— Есть у вас, слава богу, такой зять, что неплохо зарабатывает на железной дороге, то как-нибудь выживете. А может, через месяц-другой и на чепцы снова будет спрос. Только начнут покупать — можете быть уверены, я сразу к вам обращусь.
— Ну а те, что уже готовы, что с ними будет?
— А много их у вас?
— Сорок штук.
— Ха, что ж делать — заберу. Пусть в убыток, но слово сдержу.
Гава взял чепцы и заплатил деньги. Старомиский стоял возле стола, поглядывая на пустующие ткацкие станки и грустные лица дочерей, почесывая затылок.
— Нет, Гава, — решительно сказал он напоследок, — так не пойдет, не можем мы сейчас бросить работу.
— Ну, так работайте, — пожал плечами Гава.
— Слушай, Гава! Я вот думаю: а не сделать ли так. У нас тут еще есть немного крейцеров, купим материал и будем дальше работать, а как только начнут покупать — ты получишь готовый товар.
Гаве только этого и надо было.
— Ну что ж, если хотите — пусть будет так. Только заранее скажу: не знаю, сколько придется ждать покупателя.
— Что ж, сколько надо будет ждать, столько и подождем. А пока будем работать. Ведь сейчас на заработки не пойдешь, а сидеть без дела дома — грех. А так хоть надежда, что не зря трудимся.
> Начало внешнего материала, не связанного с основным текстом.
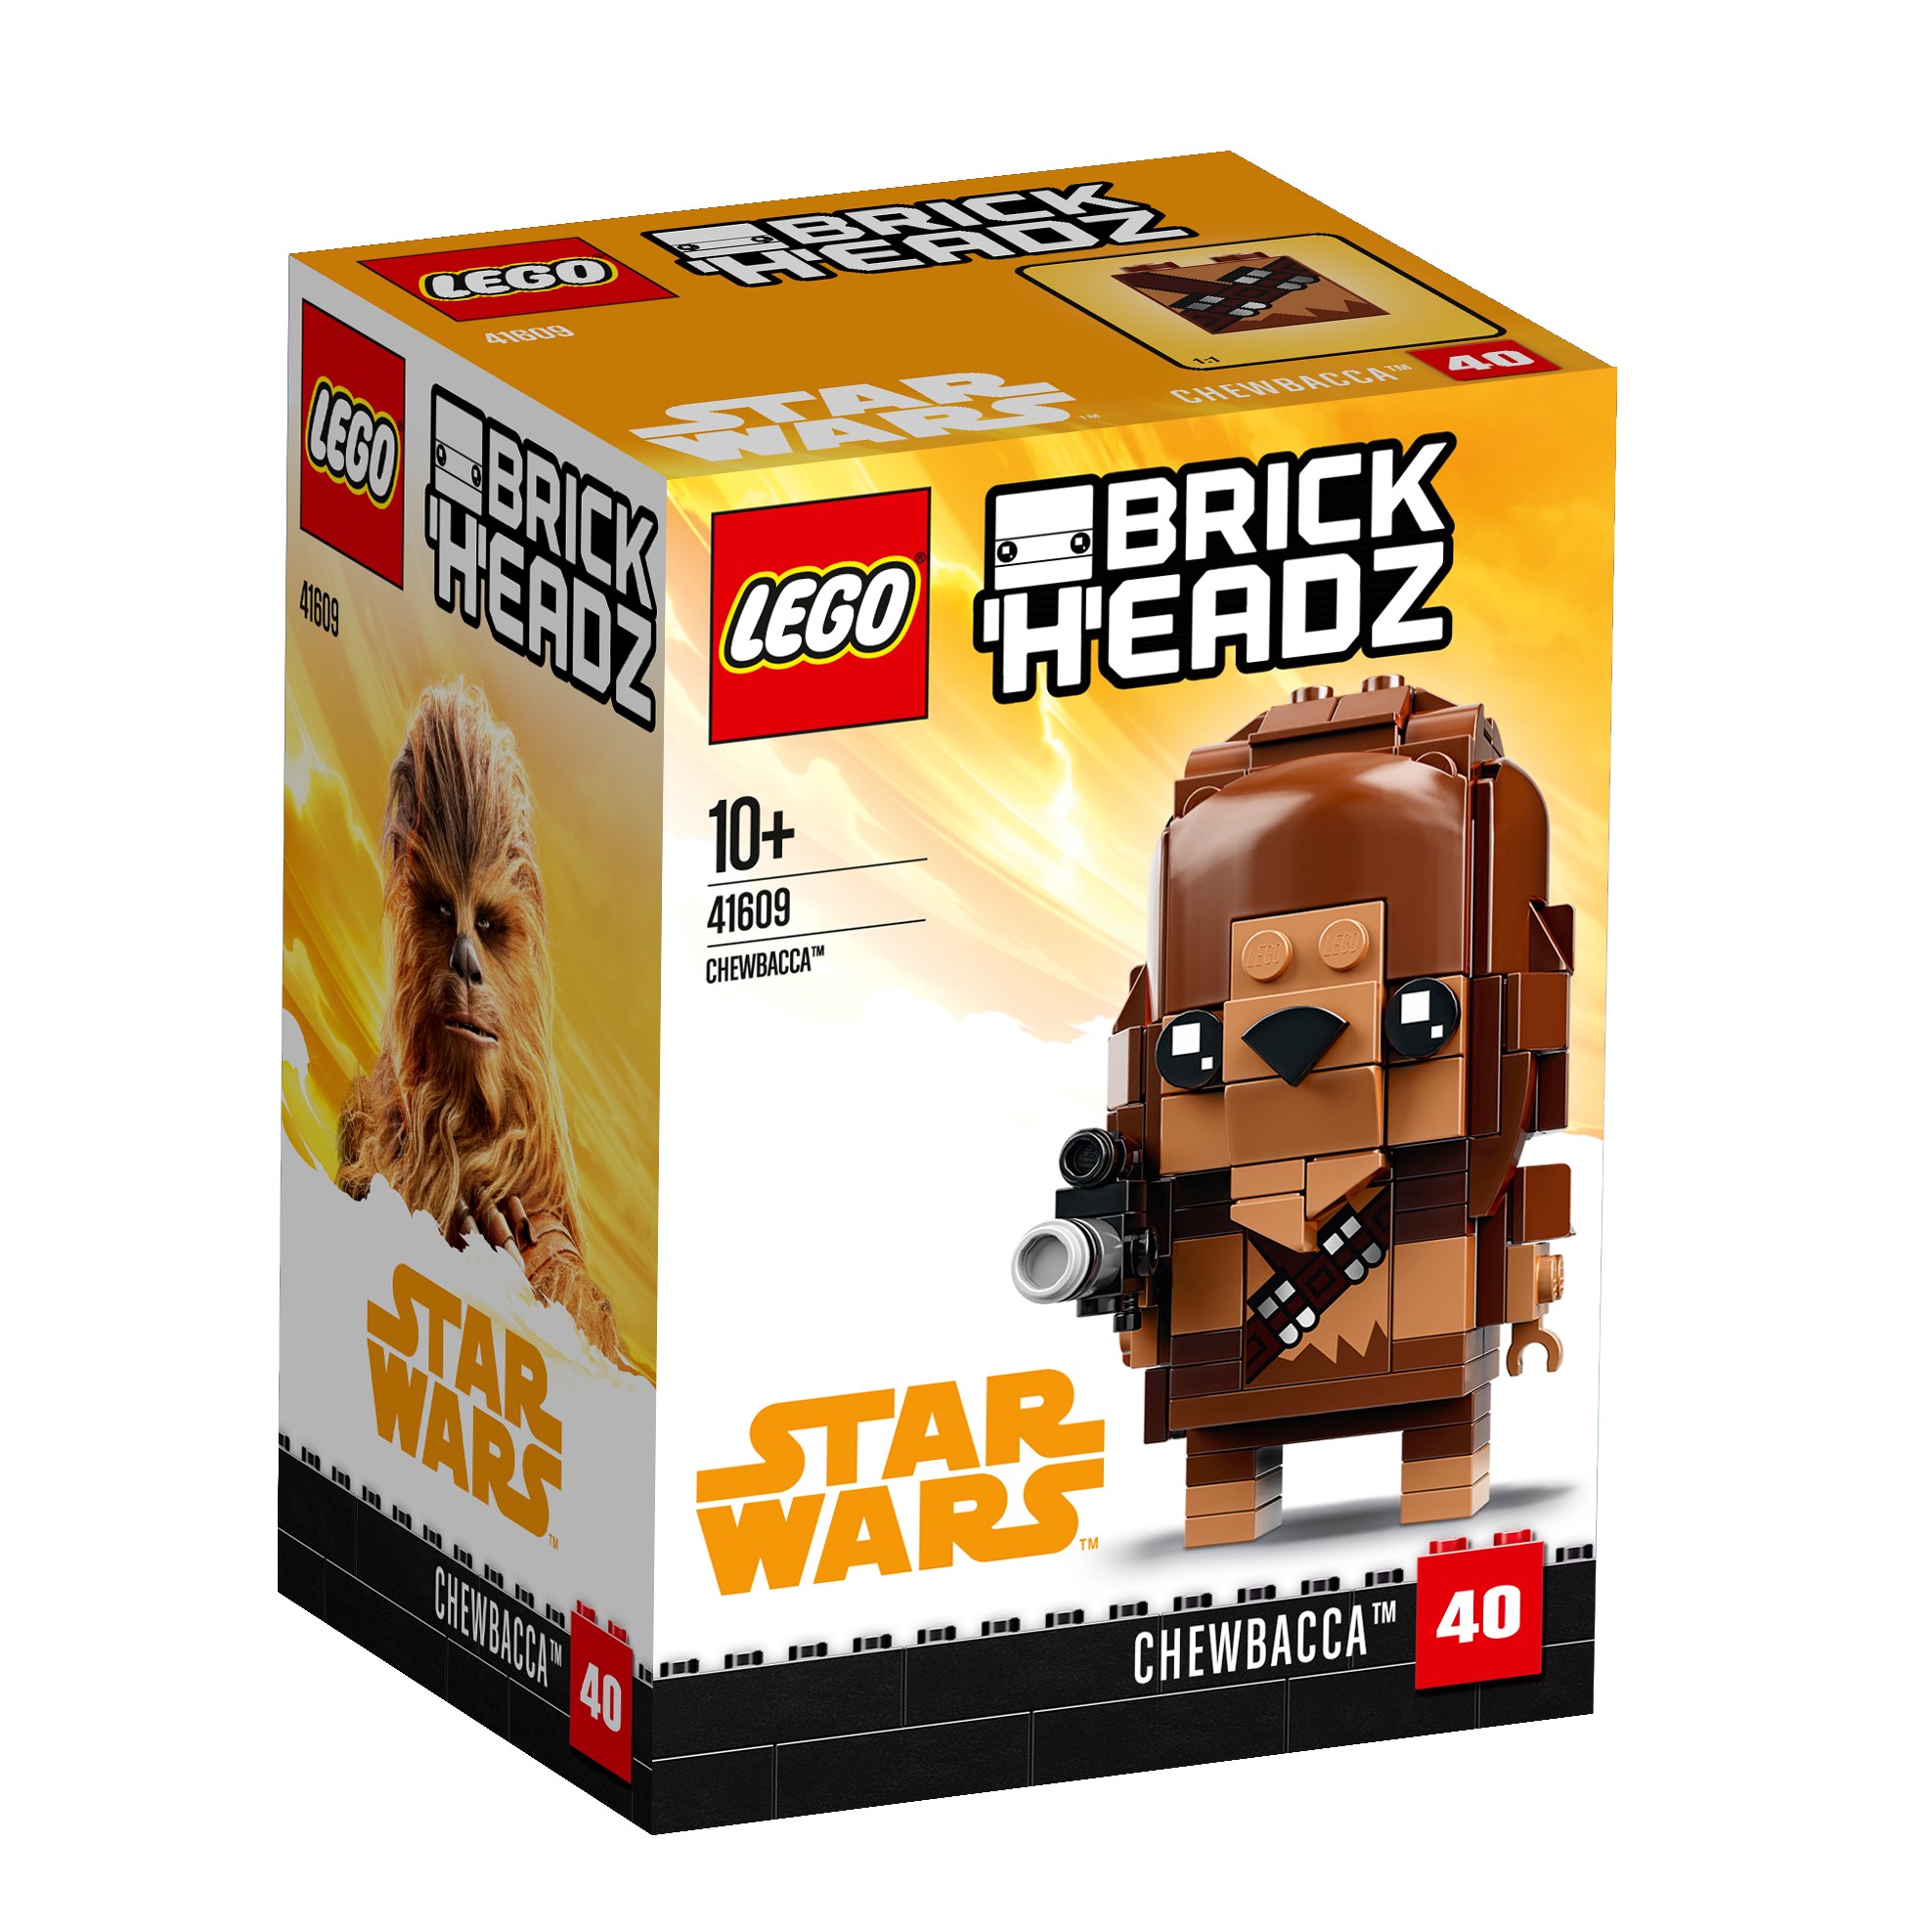 LEGO® BrickHeadz 41609 Chewbacca günstig kaufen | brickstore.at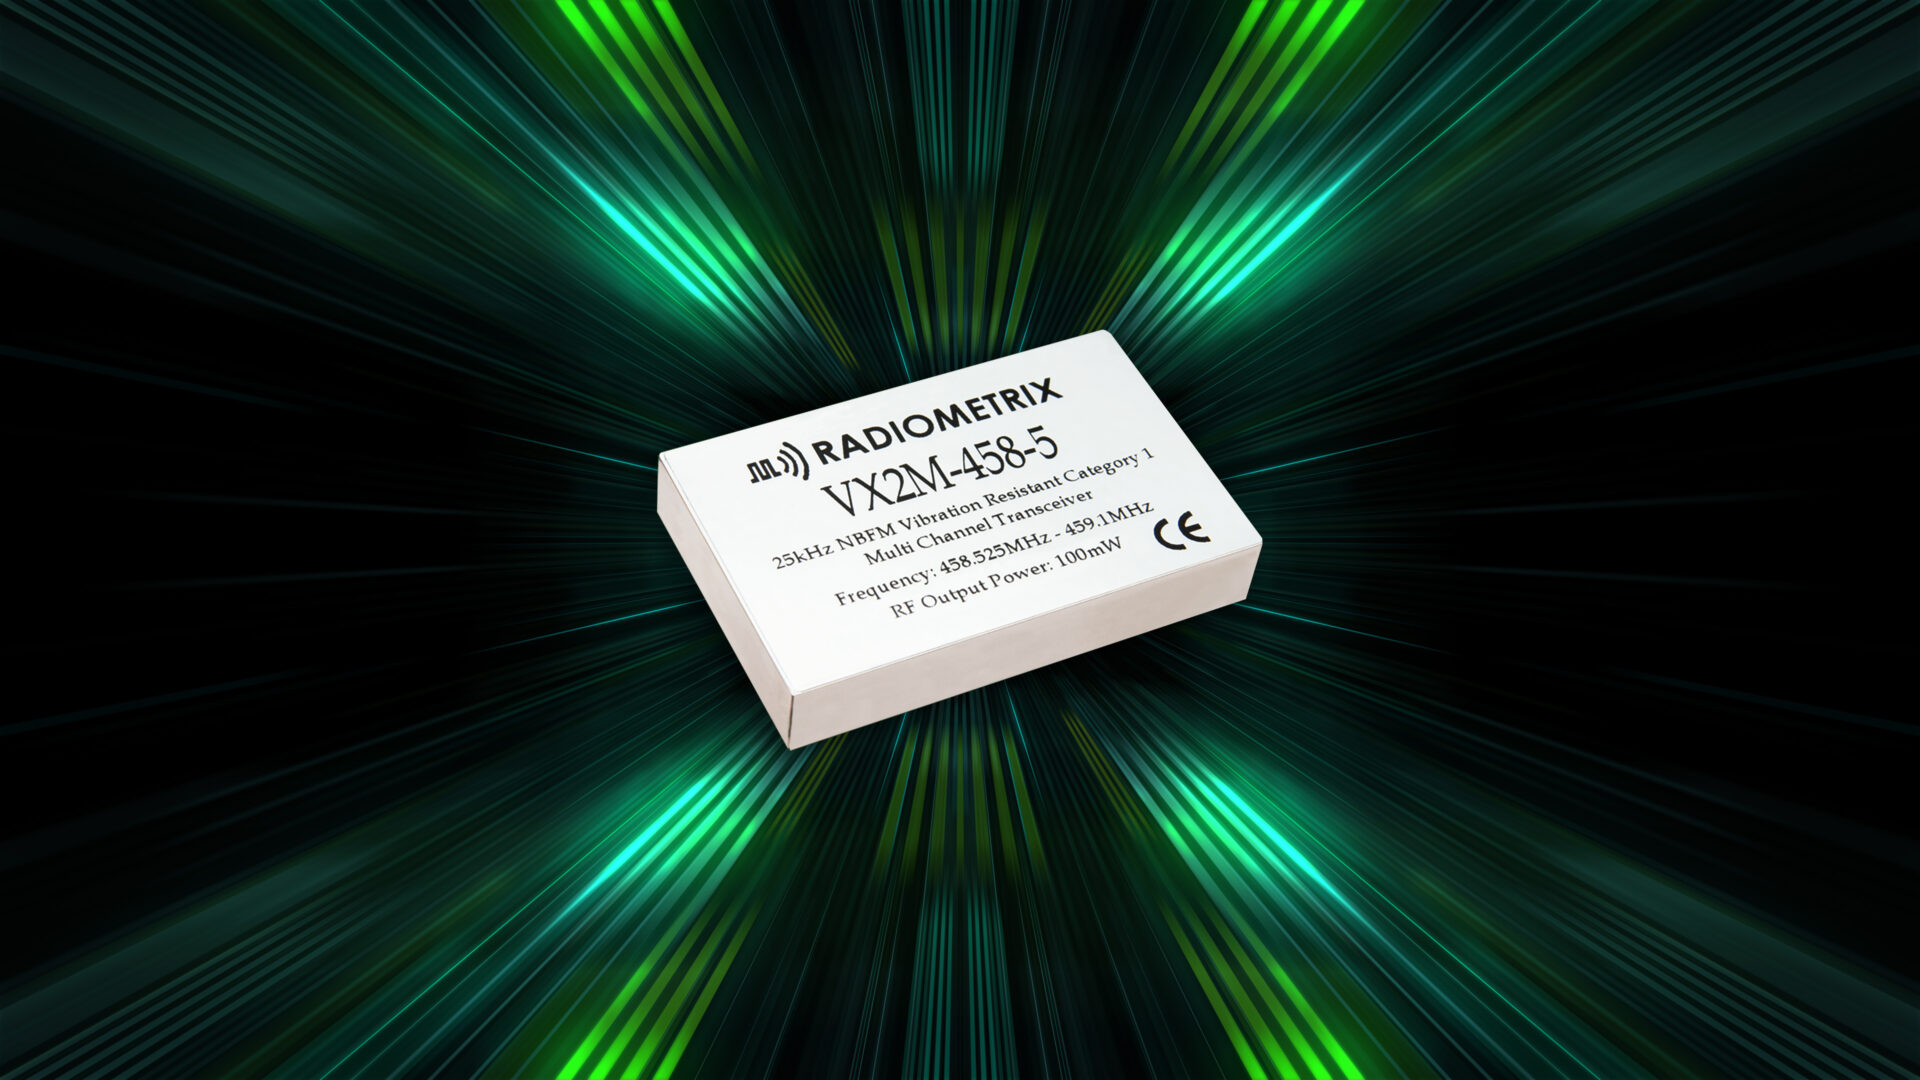 VX2M Vibration resistant transceiver module

Гава ушел от Старомиских в отличном настроении. Дело само собой пошло в такую сторону, что итог уже можно было безошибочно предугадать.
IX
Прошло два месяца. Казалось, что Гава совсем забыл о своих старых знакомых — не навещал, ни единым словом не давал о себе знать.
И вот однажды в понедельник, в ужасную слякоть и стужу, он повстречал Старомиского на дрогобычском рынке. Старик, весь забрызганный грязью, потрепанный и продрогший, сгорбился и постарел лет на десять. В окоченевшей от холода руке он держал свою палку с бубенчиком, а на ней — связку чепцов. Никто не обращал на него внимания, никто даже не подходил узнать цену.
— Как поживаете, пан Старомиский? — обратился Гава, подходя к старику.
— А, здравствуй, Гава! — ответил Старомиский каким-то надломленным голосом.
— Ну, что у вас нового?
— Беда, Гава! Похоже, нам всем суждено помереть прямо тут, на корню.
— Как это помереть? С чего бы вдруг? Зачем?
— От нужды, от голода! Зима на носу, а заработков нет — хоть в петлю лезь!
— Почему же? На железной дороге сейчас как раз хорошие заработки, платят прилично.
— А толку? У зятя один конь сдох. А с одним конем из дому не выехать.
— Один конь сдох! О, это плохо! Надо купить другого.
— Ба, купить, а за какие шиши? Что было — мы потратили на нитки, наплели этих проклятых чепцов — лежат целыми кучами, а никто не покупает.
— А вы пробовали сами продавать? — спросил Гава, едва скрывая свое злорадство.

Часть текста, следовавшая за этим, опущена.